Data extract:
——————

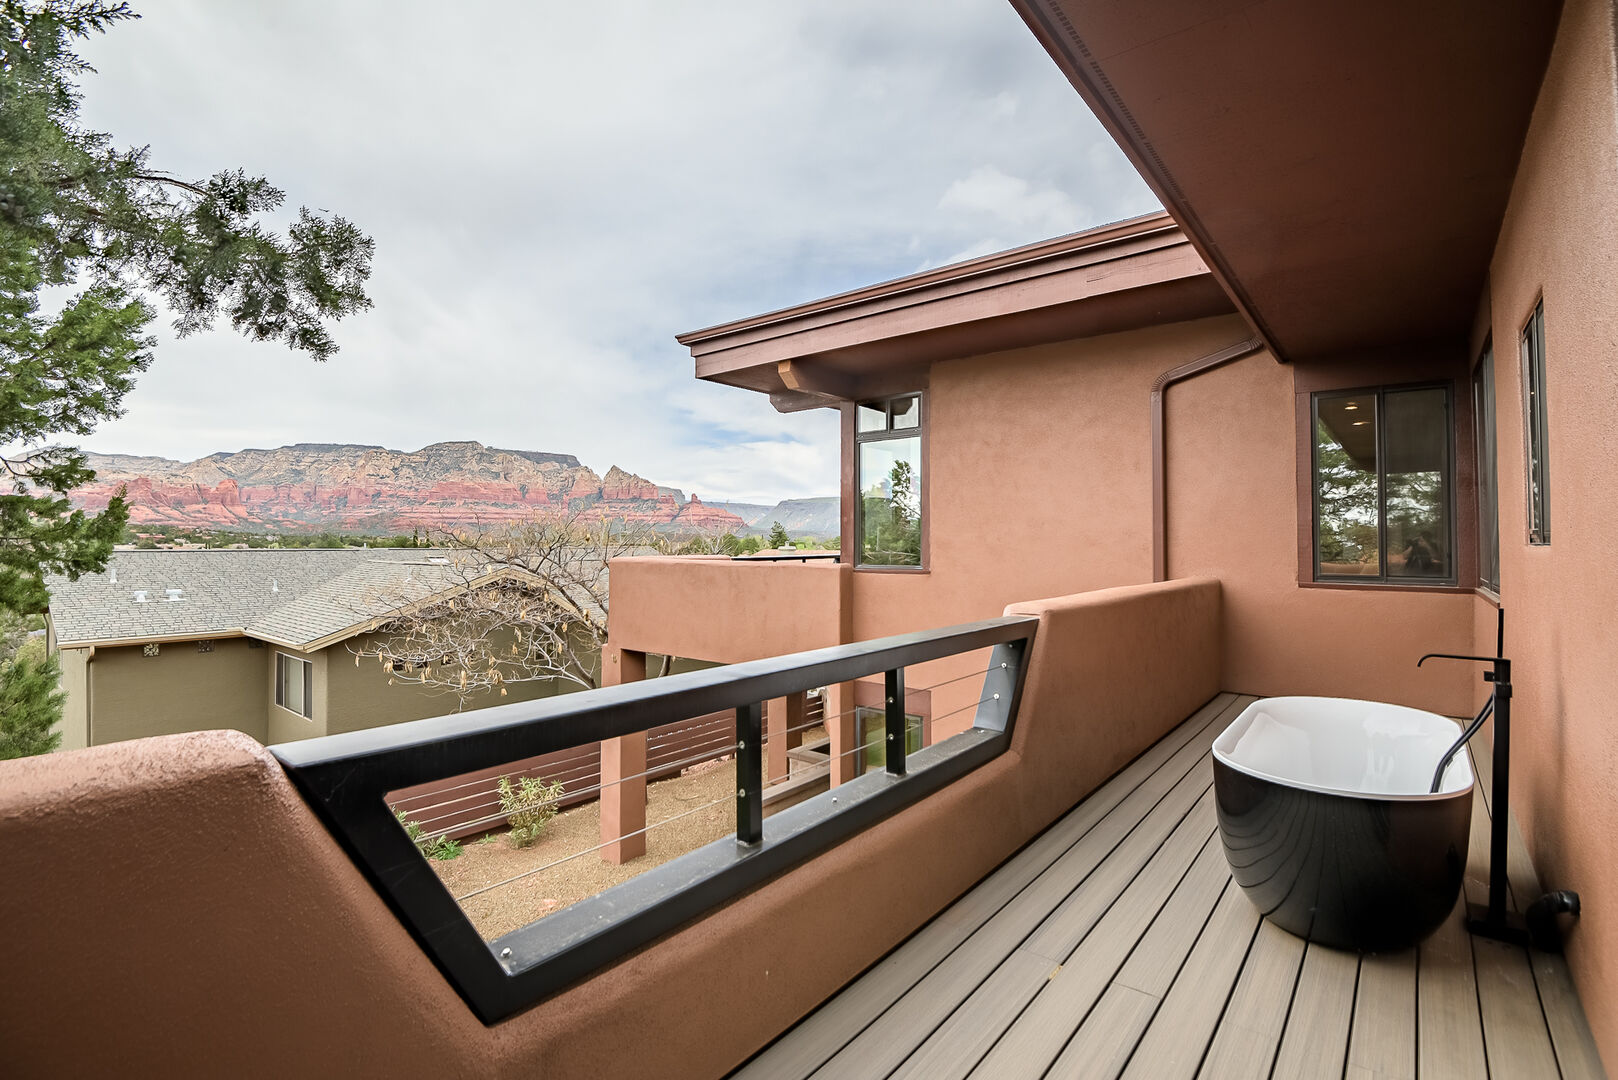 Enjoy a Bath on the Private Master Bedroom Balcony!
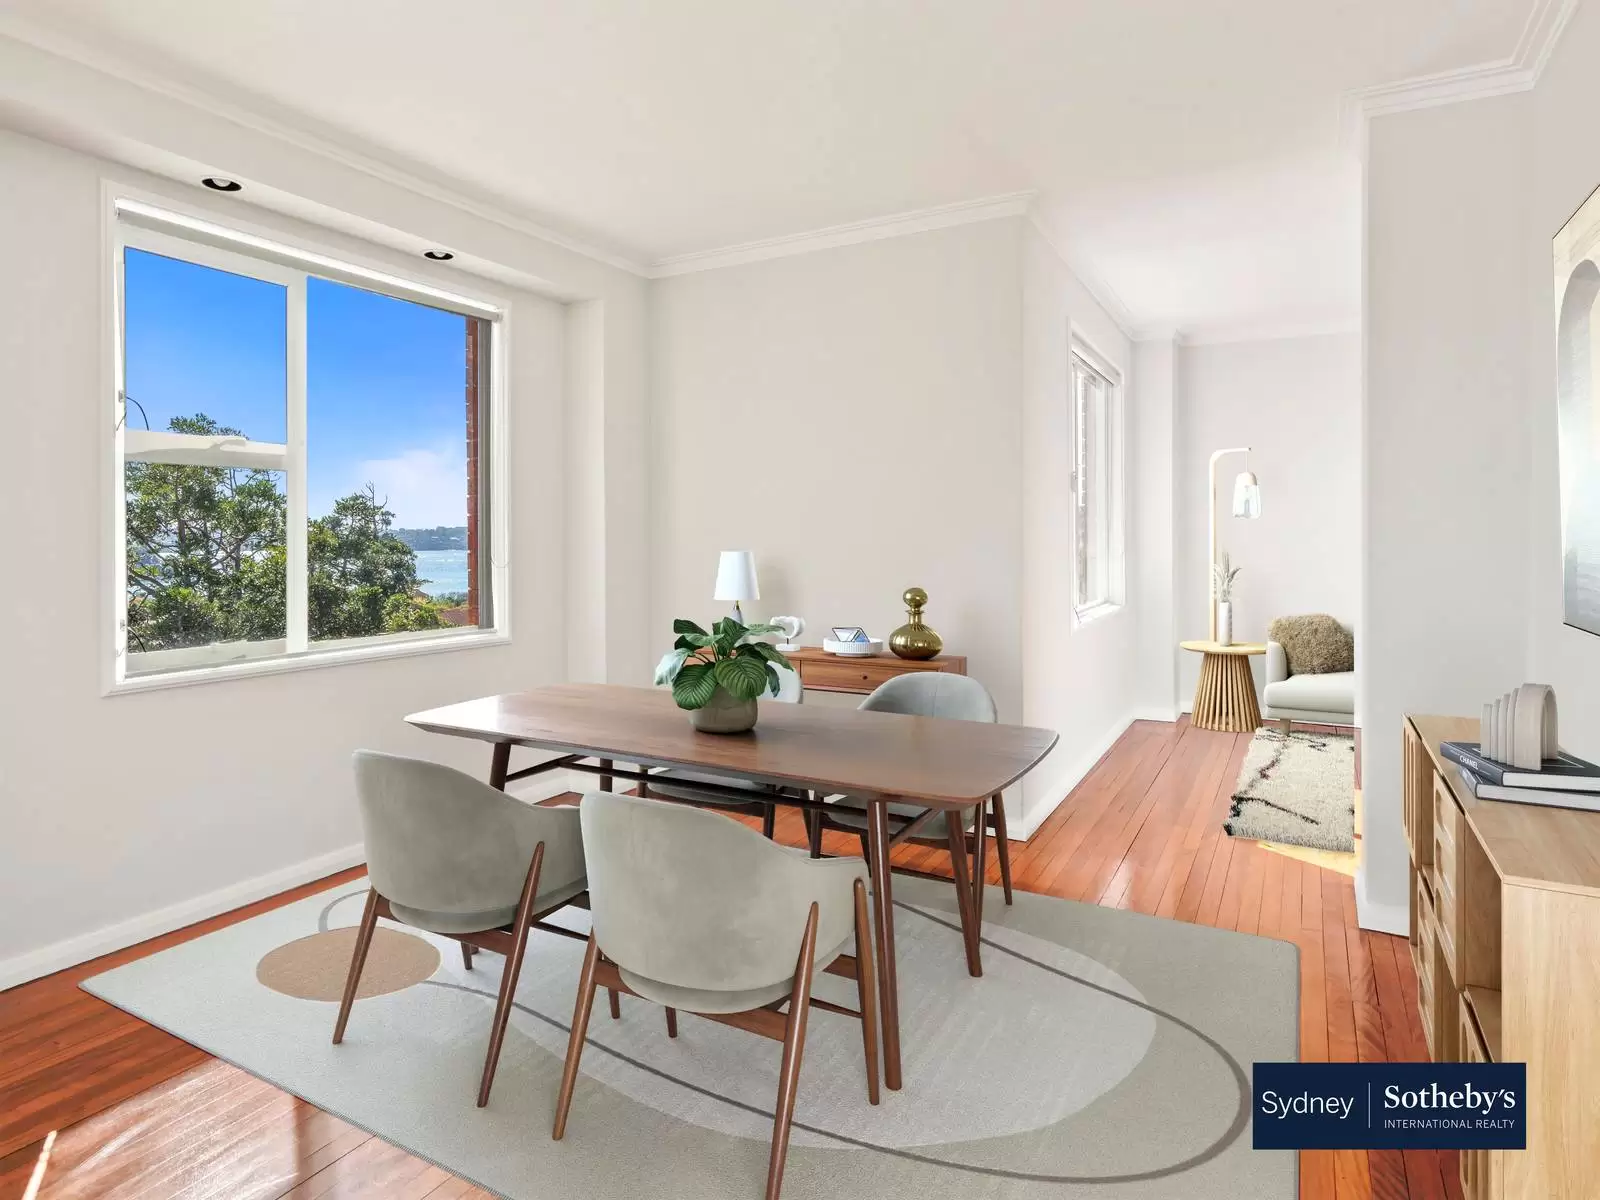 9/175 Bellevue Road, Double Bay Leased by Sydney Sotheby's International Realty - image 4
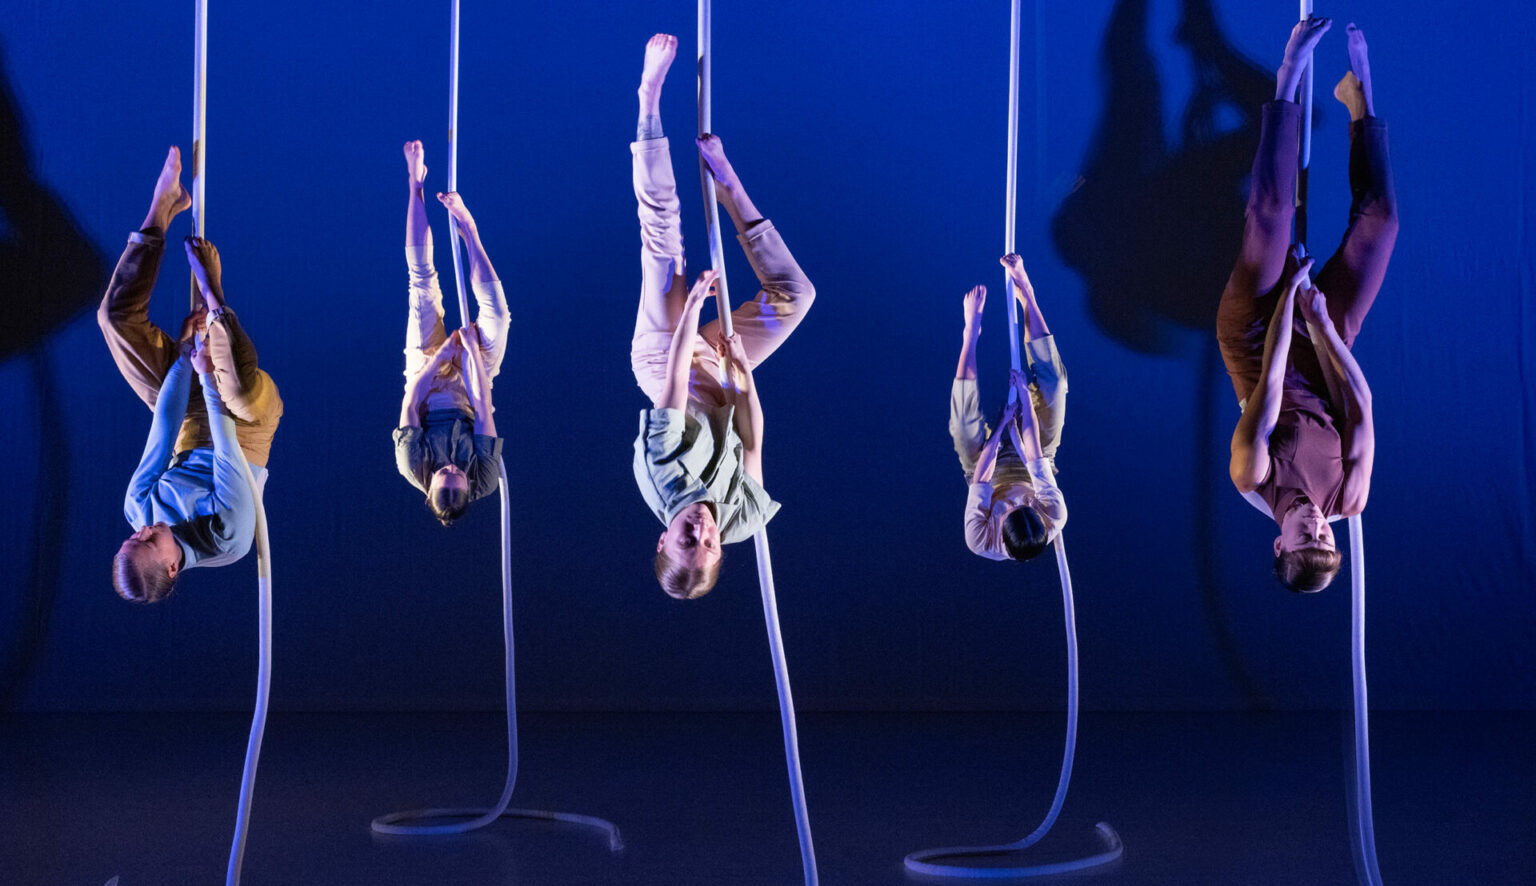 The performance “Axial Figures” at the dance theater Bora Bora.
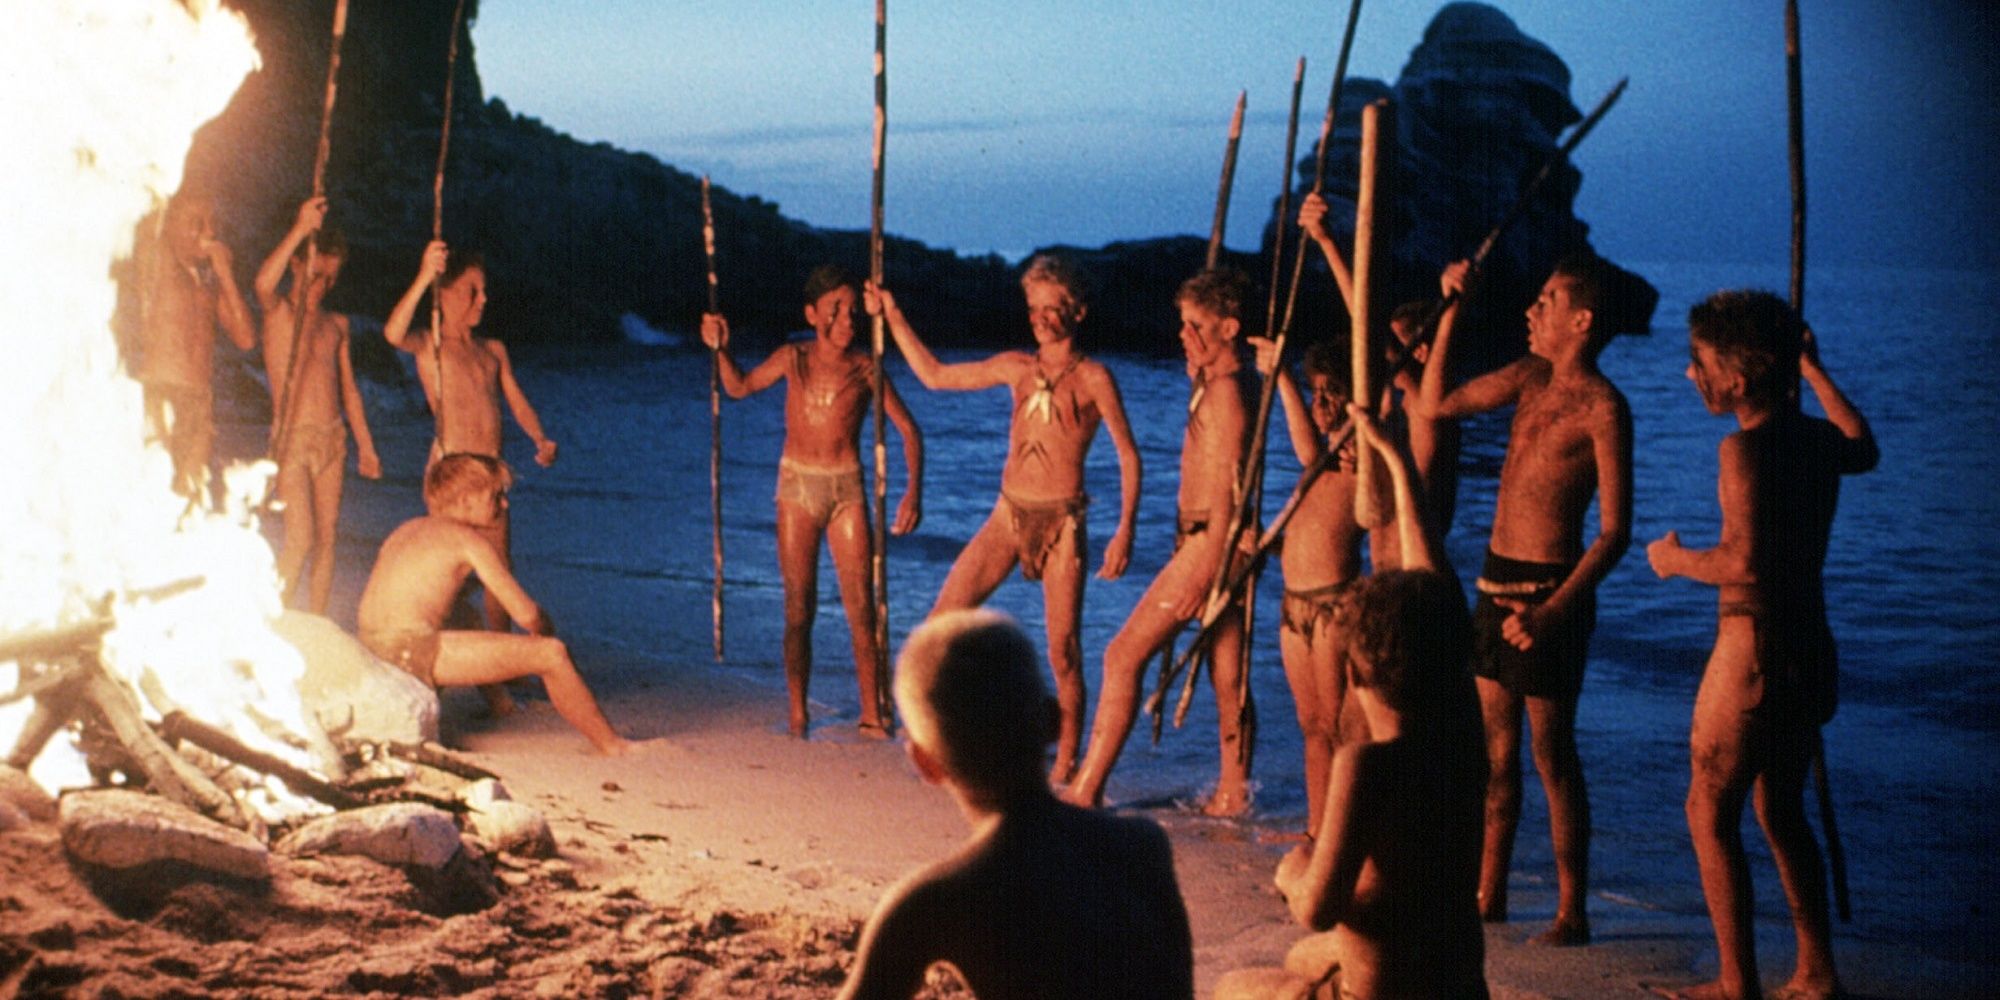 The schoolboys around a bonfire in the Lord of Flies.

——————

Assignment: Could you output the entire listing verbatim while omitting its pictures?

Response below:
 Enjoy a Bath on the Private Master Bedroom Balcony!
 9/175 Bellevue Road, Double Bay Leased by Sydney Sotheby's International Realty - image 4
 The performance “Axial Figures” at the dance theater Bora Bora.
 The schoolboys around a bonfire in the Lord of Flies.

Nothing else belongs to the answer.